Secondo la direttiva 2001/95/CE si presume che un prodotto sia sicuro quando è conforme alle norme nazionali non cogenti che recepiscono le norme europee i cui riferimenti sono stati pubblicati dalla Commissione nella Gazzetta ufficiale dell’Unione europea.

(3)

L’articolo 4 della direttiva 2001/95/CE definisce la procedura di elaborazione delle norme europee. Secondo detta procedura, la Commissione definisce i requisiti di sicurezza specifici a cui le norme europee devono conformarsi e successivamente, in base a detti requisiti, incarica gli organismi europei di normalizzazione di elaborare le norme.

(4)

La Commissione pubblica nella Gazzetta ufficiale dell’Unione europea i riferimenti alle norme europee adottate in tal modo.

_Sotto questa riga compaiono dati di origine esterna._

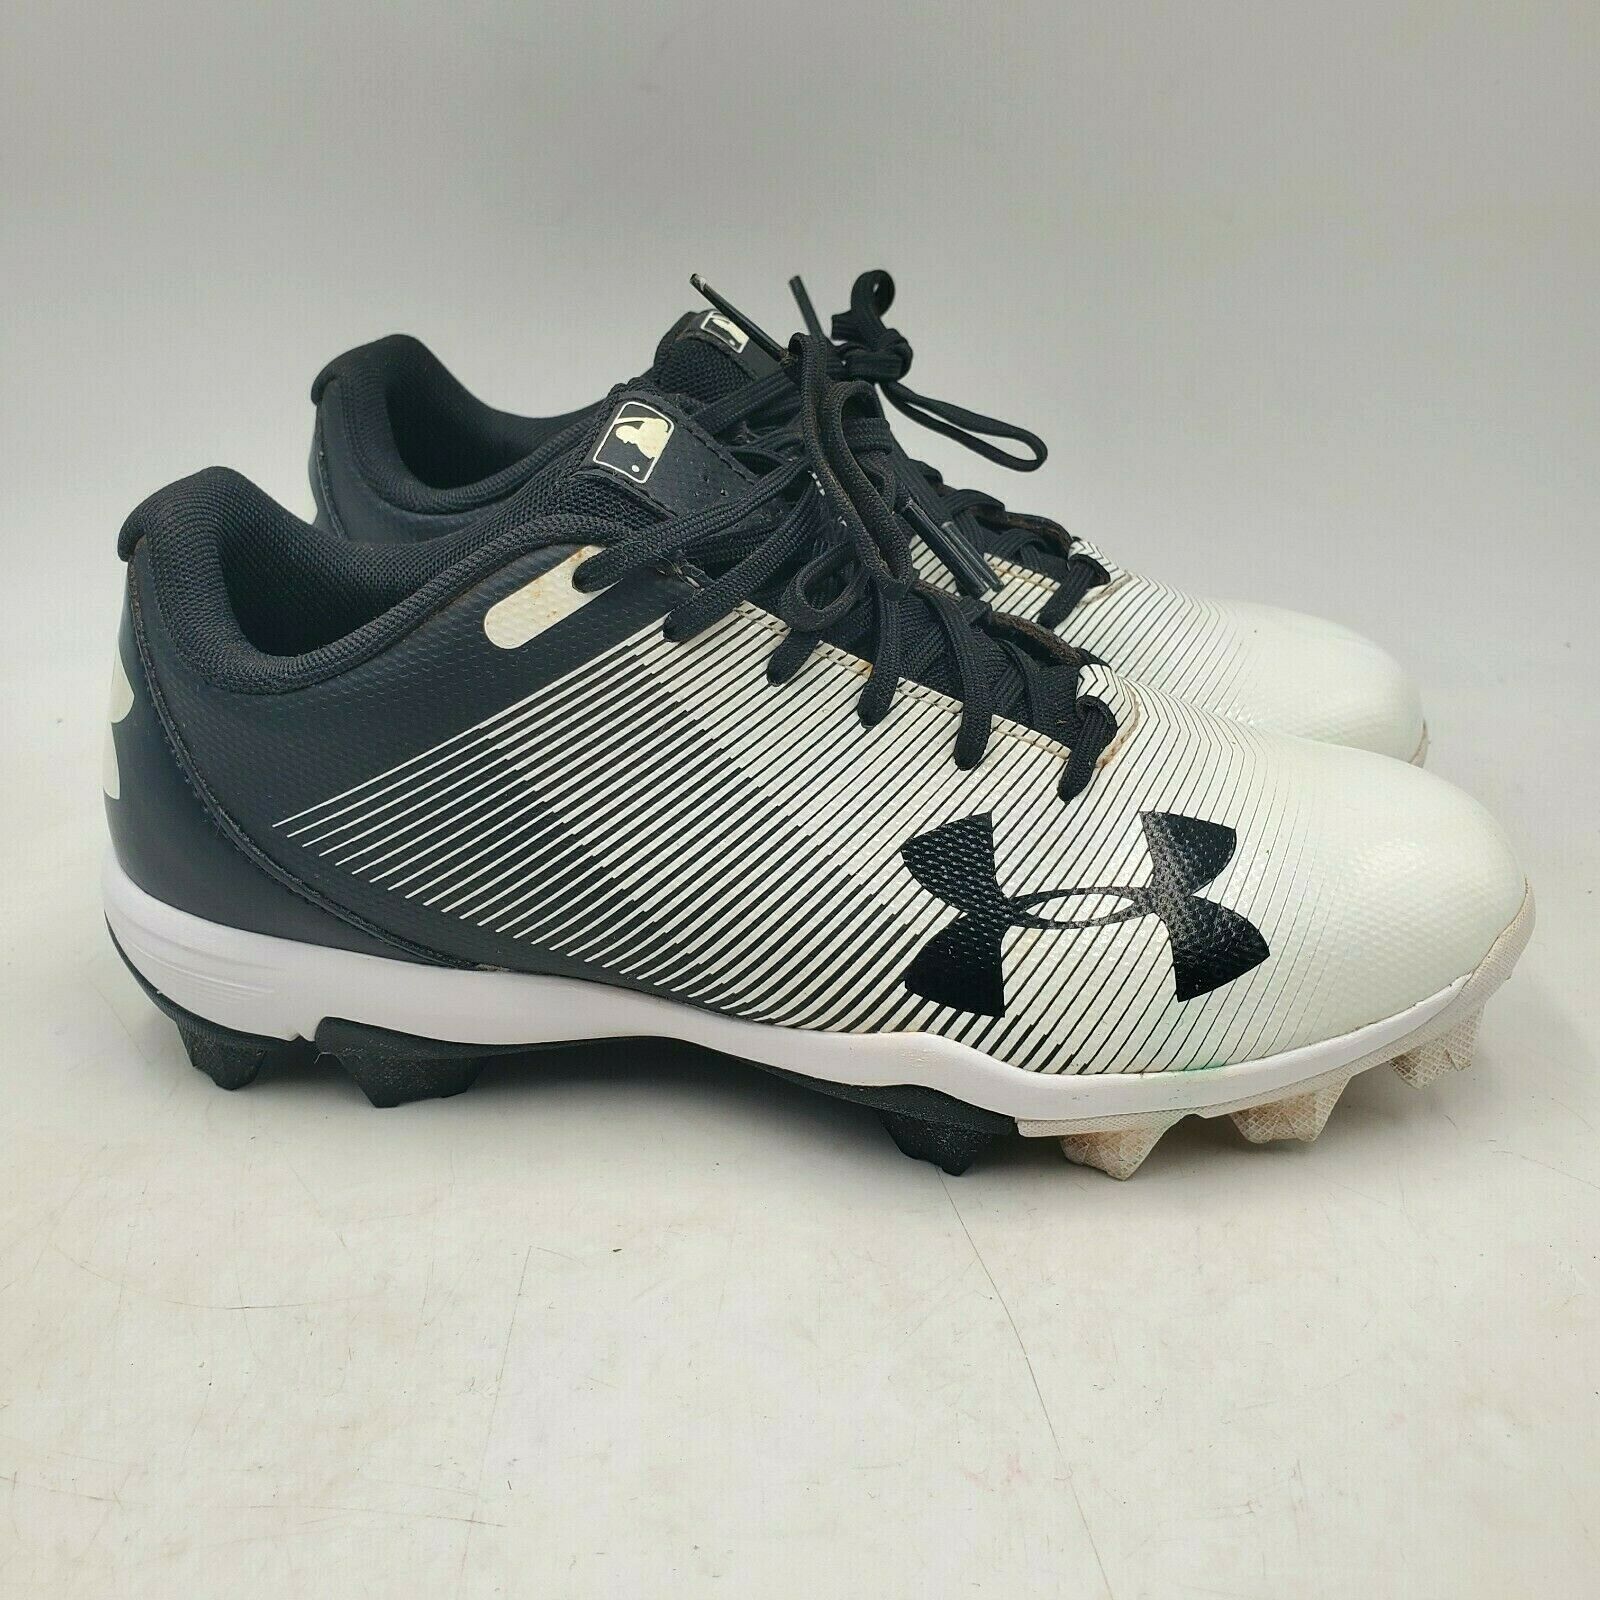 Under Armour Bryce Harper Mid Youth Baseball Cleats Shoes size 4.5Y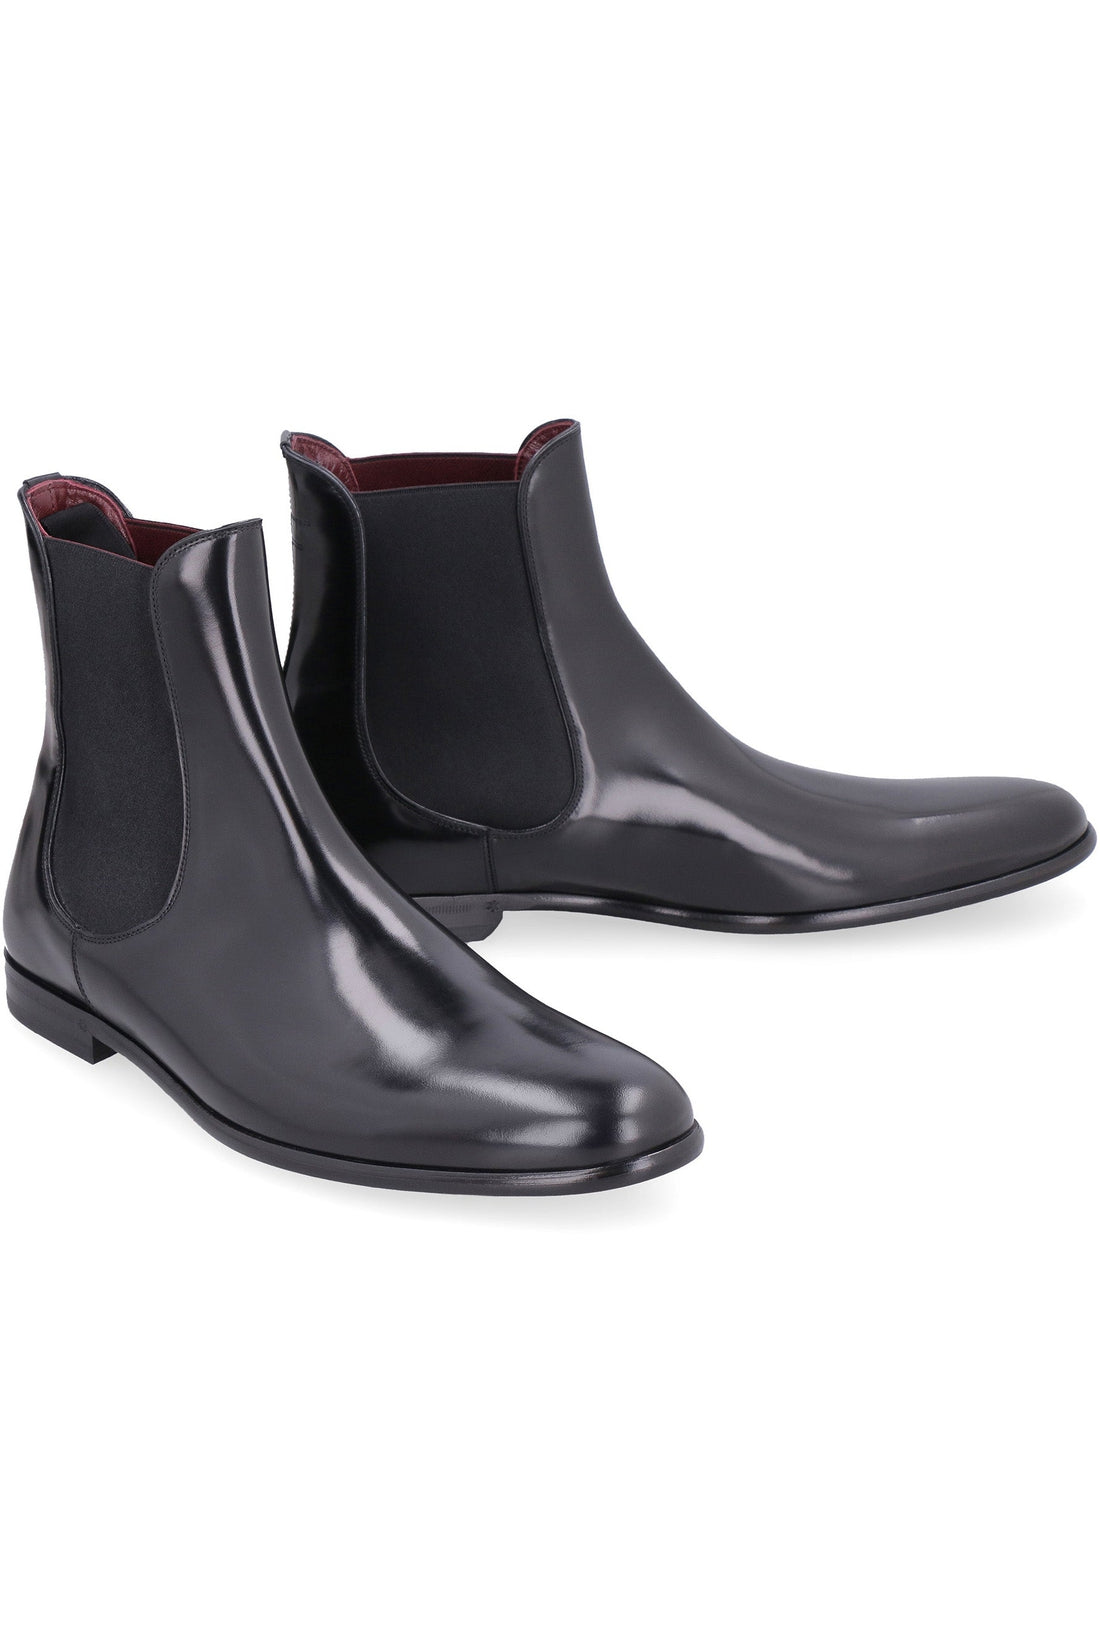 Dolce & Gabbana-OUTLET-SALE-Spazzolato leather Chelsea boots-ARCHIVIST

Conformemente all’articolo 4, paragrafo 2, secondo comma, della direttiva 2001/95/CE, i riferimenti alle norme europee adottate dagli organismi europei di normalizzazione prima dell’entrata in vigore della direttiva possono essere pubblicati nella Gazzetta ufficiale dell’Unione europea anche in assenza di un mandato della Commissione, se le norme in questione soddisfano l’obbligo generale di sicurezza definito nella direttiva.

(5)

Con la decisione 2005/718/CE (2), la Commissione ha pubblicato nella Gazzetta ufficiale dell’Unione europea i riferimenti di sette norme europee riguardanti la sicurezza dell’attrezzatura da ginnastica.

(6)

Le suddette sette norme europee riguardanti la sicurezza dell’attrezzatura da ginnastica di cui alla decisione 2005/718/CE della Commissione non sono sostenute da un mandato della Commissione adottato in conformità dell’articolo 4, paragrafo 1, della direttiva 2001/95/CE.

(7)

Una di queste norme, la EN 913:1996, è stata sostituita da una nuova versione, la EN 913:2008. La nuova versione è stata adottata in seguito all’entrata in vigore della direttiva 2001/95/CE e di conseguenza non è possibile pubblicarne il riferimento nella Gazzetta ufficiale dell’Unione europea senza un mandato della Commissione contenente requisiti di sicurezza specifici.

(8)

Al fine di valutare la conformità della nuova versione e di qualunque versione successiva delle norme europee in materia di attrezzatura da ginnastica all’obbligo generale di sicurezza della direttiva 2001/95/CE è necessario ripristinare la procedura di cui all’articolo 4 della suddetta direttiva.

(9)

La Commissione deve pertanto determinare dei requisiti di sicurezza specifici per l’attrezzatura da ginnastica per poi affidare agli organismi europei di normalizzazione l’incarico di elaborare, in base a detti requisiti, norme europee pertinenti in materia di attrezzatura da ginnastica.

(10)

Non appena le norme in questione sono disponibili, e a patto che la Commissione decida di pubblicarne il riferimento nella Gazzetta ufficiale dell’Unione europea secondo la procedura di cui all’articolo 4, paragrafo 2, della direttiva 2001/95/CE, l’attrezzatura da ginnastica gode di una presunzione di conformità agli obblighi generali di sicurezza di cui alla direttiva per quanto riguarda i requisiti di sicurezza definiti da dette norme.

(11)

Le disposizioni della presente decisione sono conformi al parere del comitato istituito dall’articolo 15 della direttiva 2001/95/CE,

HA ADOTTATO LA PRESENTE DECISIONE:

Articolo 1

Ai fini della presente decisione, per «attrezzatura da ginnastica» si intende l’attrezzatura utilizzata per allenamenti, esercizi o gare, sia in gruppo che individuali. Detta attrezzatura è posizionata sul pavimento o è fissata al soffitto, al muro o a una struttura fissa di altro tipo. È installata in maniera permanente o si può spostare e modificare per l’uso.

Articolo 2

I requisiti specifici di sicurezza ai quali le norme europee concernenti i prodotti di cui all’articolo 1 devono conformarsi in forza dell’articolo 4 della direttiva 2001/95/CE sono illustrati nell’allegato della presente decisione.

Articolo 3

La presente decisione entra in vigore il ventesimo giorno successivo alla pubblicazione nella Gazzetta ufficiale dell’Unione europea.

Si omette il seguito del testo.